It was unveiled on Wednesday in the five-year plan for state management under the new administration, which was inaugurated on May 10, according to the presidential Blue House.

During his five-year term, Moon planned to resume the economic cooperation with the DPRK, while pursuing a so-called "new economic roadmap in the Korean Peninsula" as part of growth engines of the economy.

The new roadmap referred to the creation of three economic belts throughout the peninsula, including the energy belt in the East Sea, the logistics belt in the West Sea and the tourism belt inside the demilitarized zone (DMZ) that divides the two Koreas.

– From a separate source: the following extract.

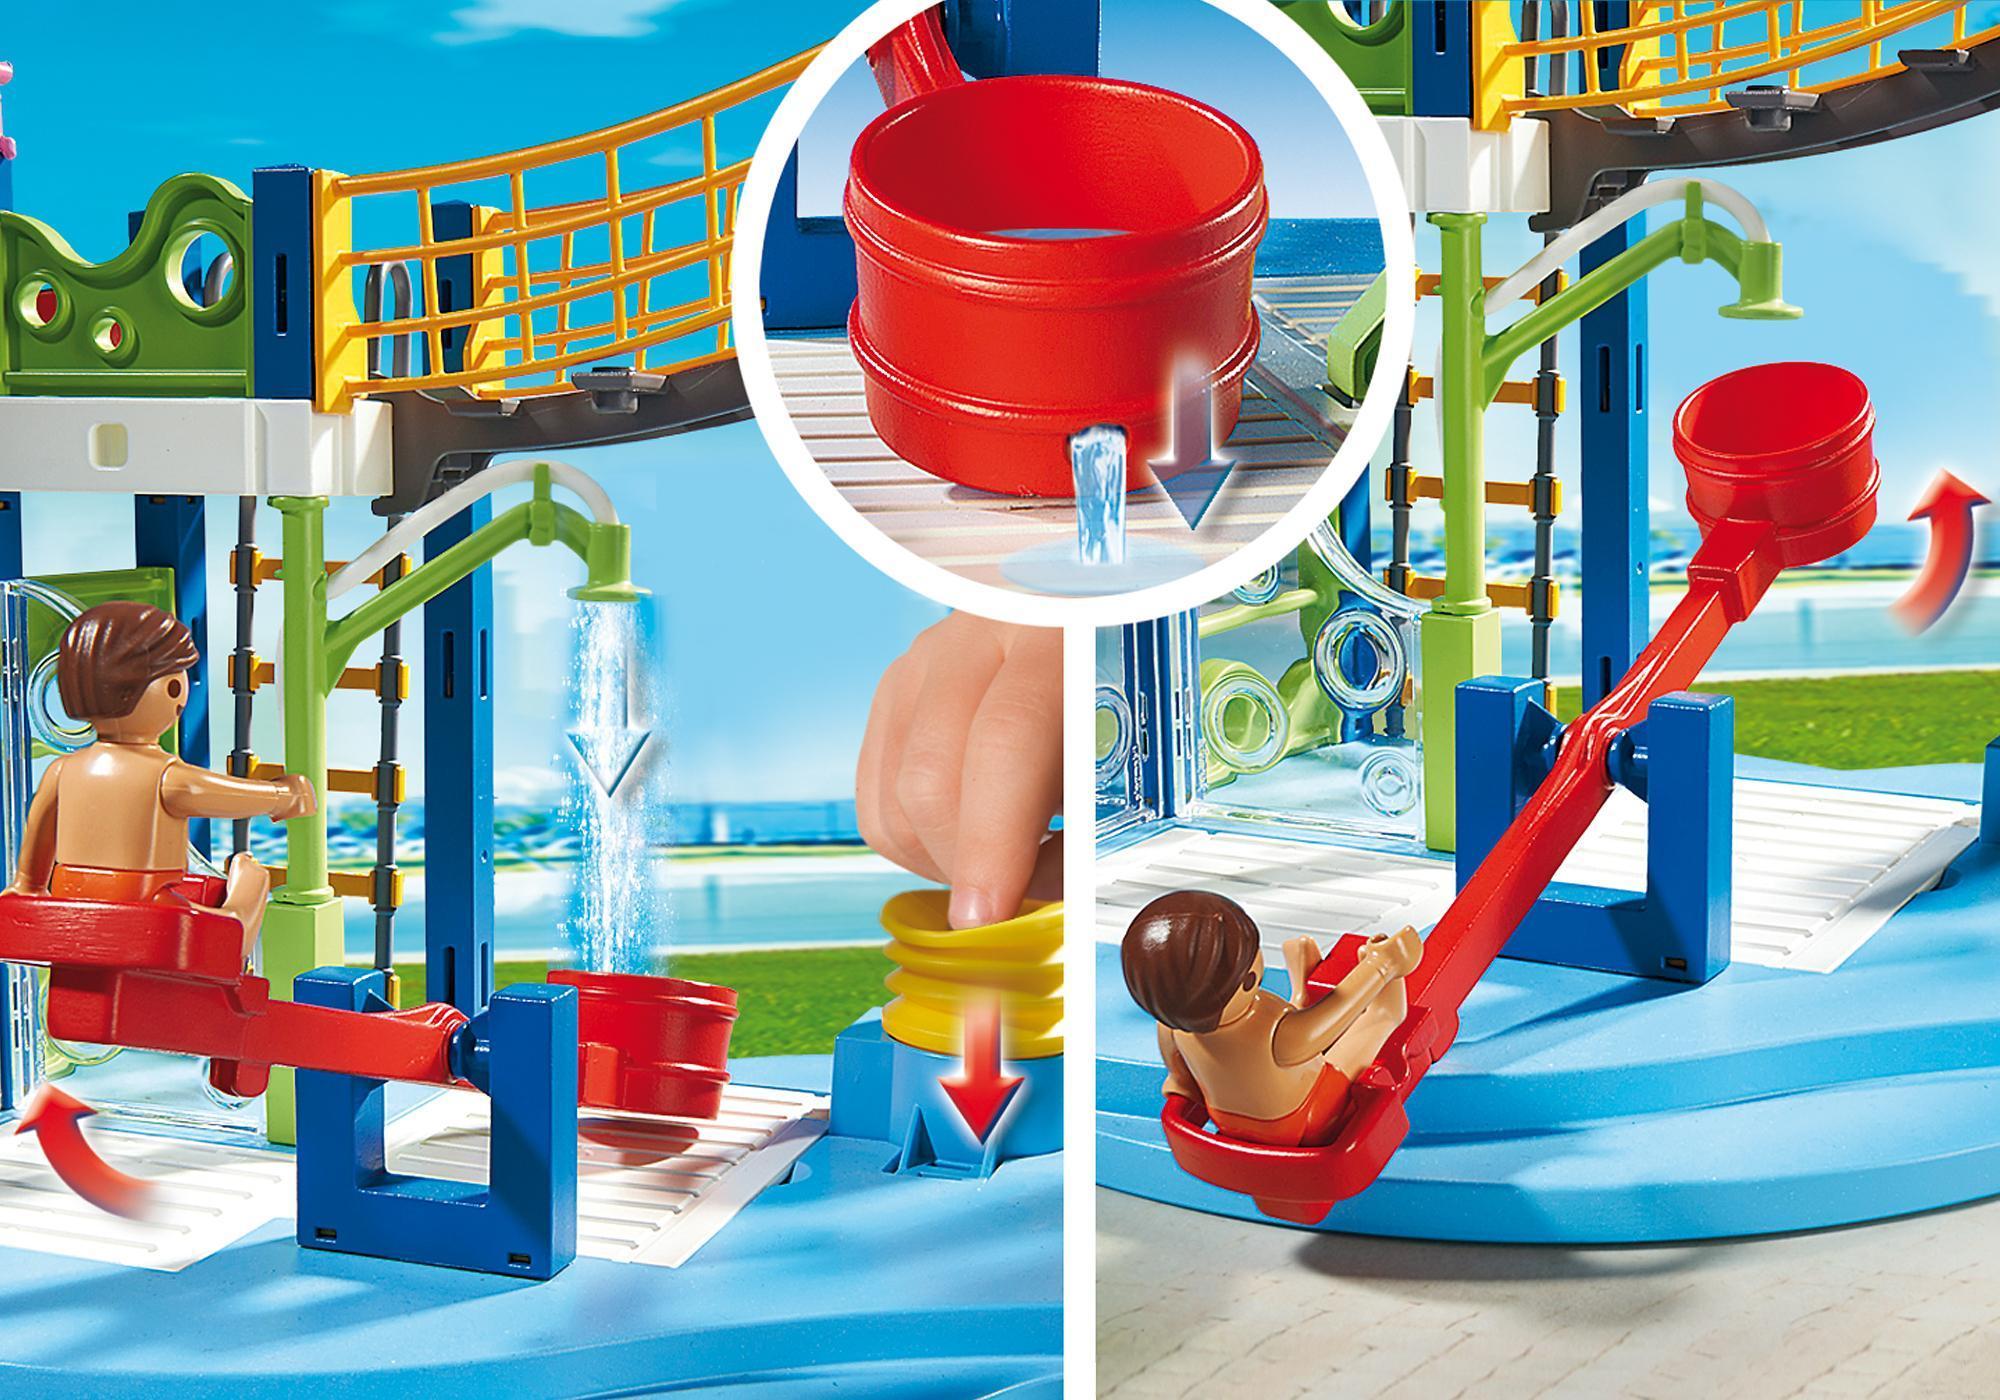 http://media.playmobil.com/i/playmobil/6670_product_extra1/Wasserspielplatz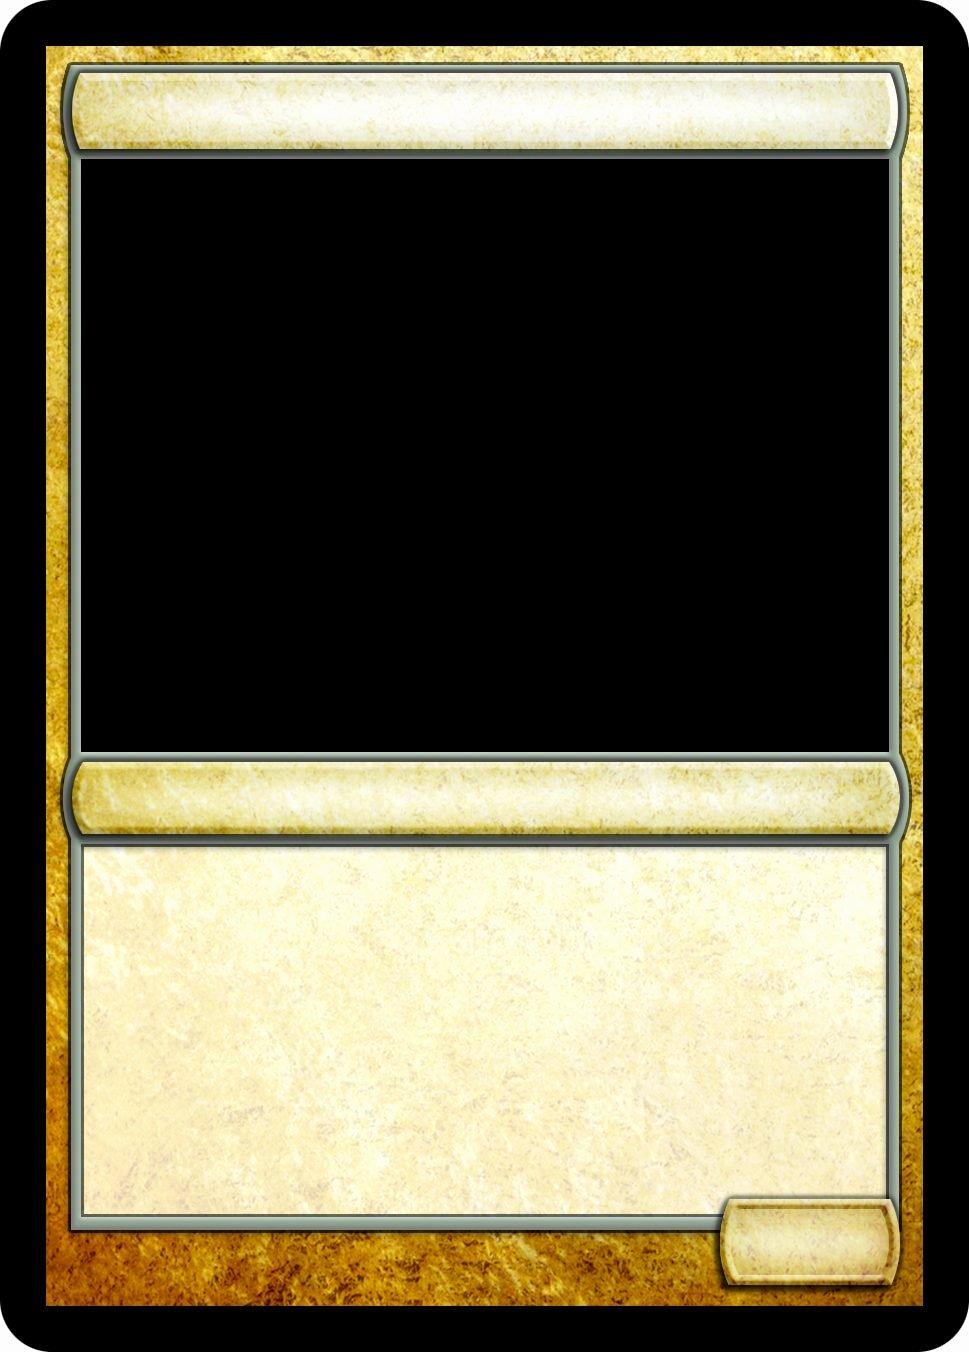 Trading Card Template Photoshop Luxury Magic Trading Card Template

In accordance with improved inter-Korean ties, the South Korean government will consider the normalization of the Kaesong Industrial Complex and the resumption of Mount Kumgang tours, the five-year plan showed.

The inter-Korean factory park in the DPRK's border town of Kaesong was closed down under the Park Geun-hye government following Pyongyang's fourth nuclear test in January last year.

Tours to the DPRK's scenic resort of Mount Kumgang, launched in 1998, was suspended in July 2008 when a South Korean female tourist was shot dead by a DPRK soldier after allegedly venturing into an off-limit area.

To resolve pending issues between the two Koreas, South Korea planned to restore communication channels with the DPRK while resuming inter-Korean talks, including those about military and humanitarian affairs as well as sports and cultural exchanges and economic cooperation.

The Moon government will push for a new "basic agreement" with the DPRK while respecting existing inter-Korean agreements, and will seek to legalize the new agreement by getting approval in the National Assembly and support in the UN General Assembly.

The push for the new agreement would be made through bi-partisan cooperation when right conditions are created, according to the five-year plan.

On Monday, Seoul offered to Pyongyang for holding talks about the reunion event as well as about military affairs, but the DPRK had yet to respond to the dialogue overtures.